Create a training run using the Foundation Model Fine-tuning UI
Preview
This feature is in Public Preview in us-east-1
and us-west-2
.
This article describes how to create and configure a training run using the Foundation Model Fine-tuning (now part of Mosaic AI Model Training) UI. You can also create a run using the API. For instructions, see Create a training run using the Foundation Model Fine-tuning API.
Requirements
See Requirements.
Create a training run using the UI
Follow these steps to create a training run using the UI.
In the left sidebar, click Experiments.
On the Foundation Model Fine-tuning card, click Create Mosaic AI Model Experiment.

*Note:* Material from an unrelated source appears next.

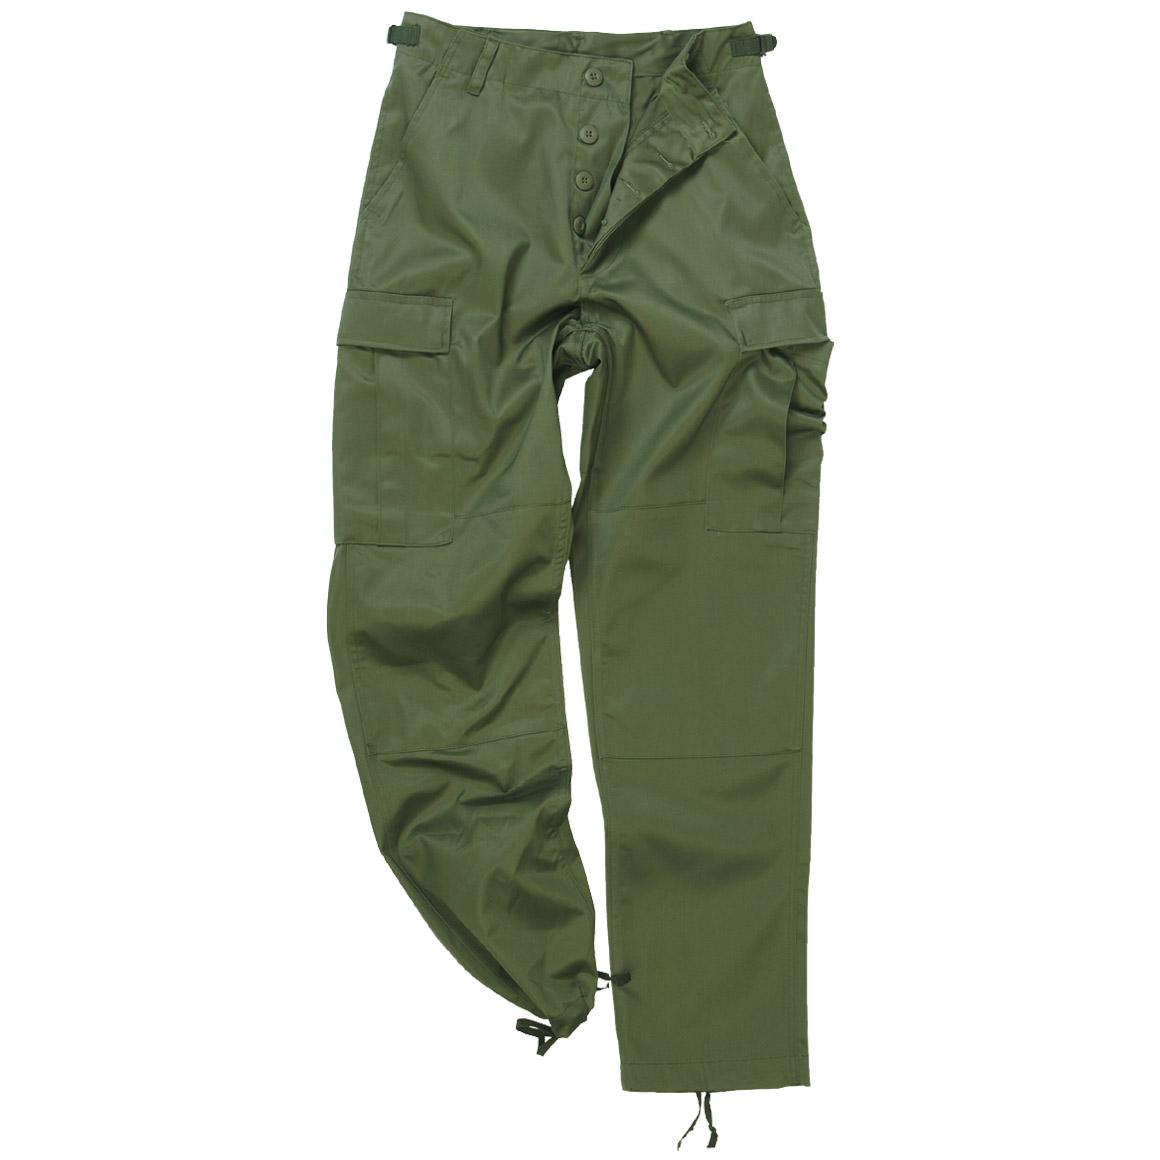 Mil Tec Bdu Ranger Combat Trousers Olive Bdu Military 1st
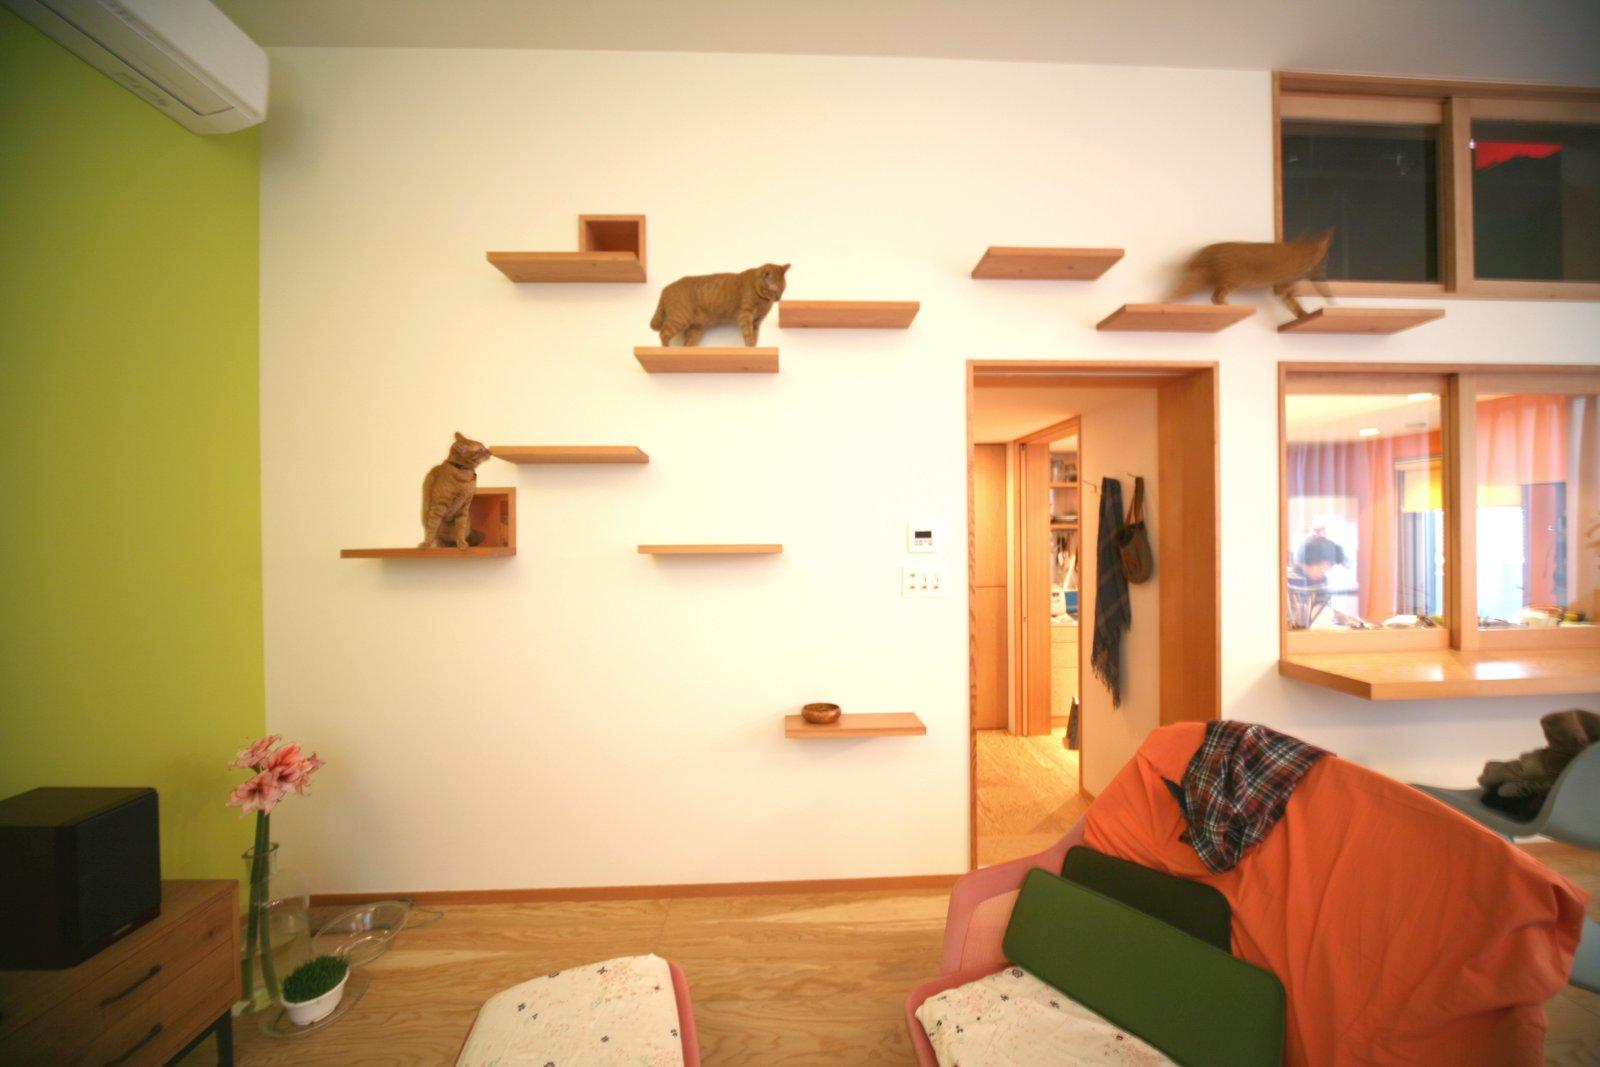 House Taishido living room with shelf steps for cats

The Foundation Model Fine-tuning form opens. Items marked with an asterisk are required. Make your selections, and then click Start Training.
Type: Select the task to perform.
Task
Description
Instruction fine-tuning
Continue training a foundation model with prompt-and-response input to optimize the model for a specific task.
Continued pre-training
Continue training a foundation model to give it domain-specific knowledge.
Chat completion
Continue training a foundation model with chat logs to optimize it for Q&A or conversation applications.
Select foundation model: Select the model to tune or train. For a list of supported models, see Supported models.
Training data: Click Browse to select a table in Unity Catalog, or enter the full URL for a Hugging Face dataset. For data size recommendations, see Recommended data size for model training.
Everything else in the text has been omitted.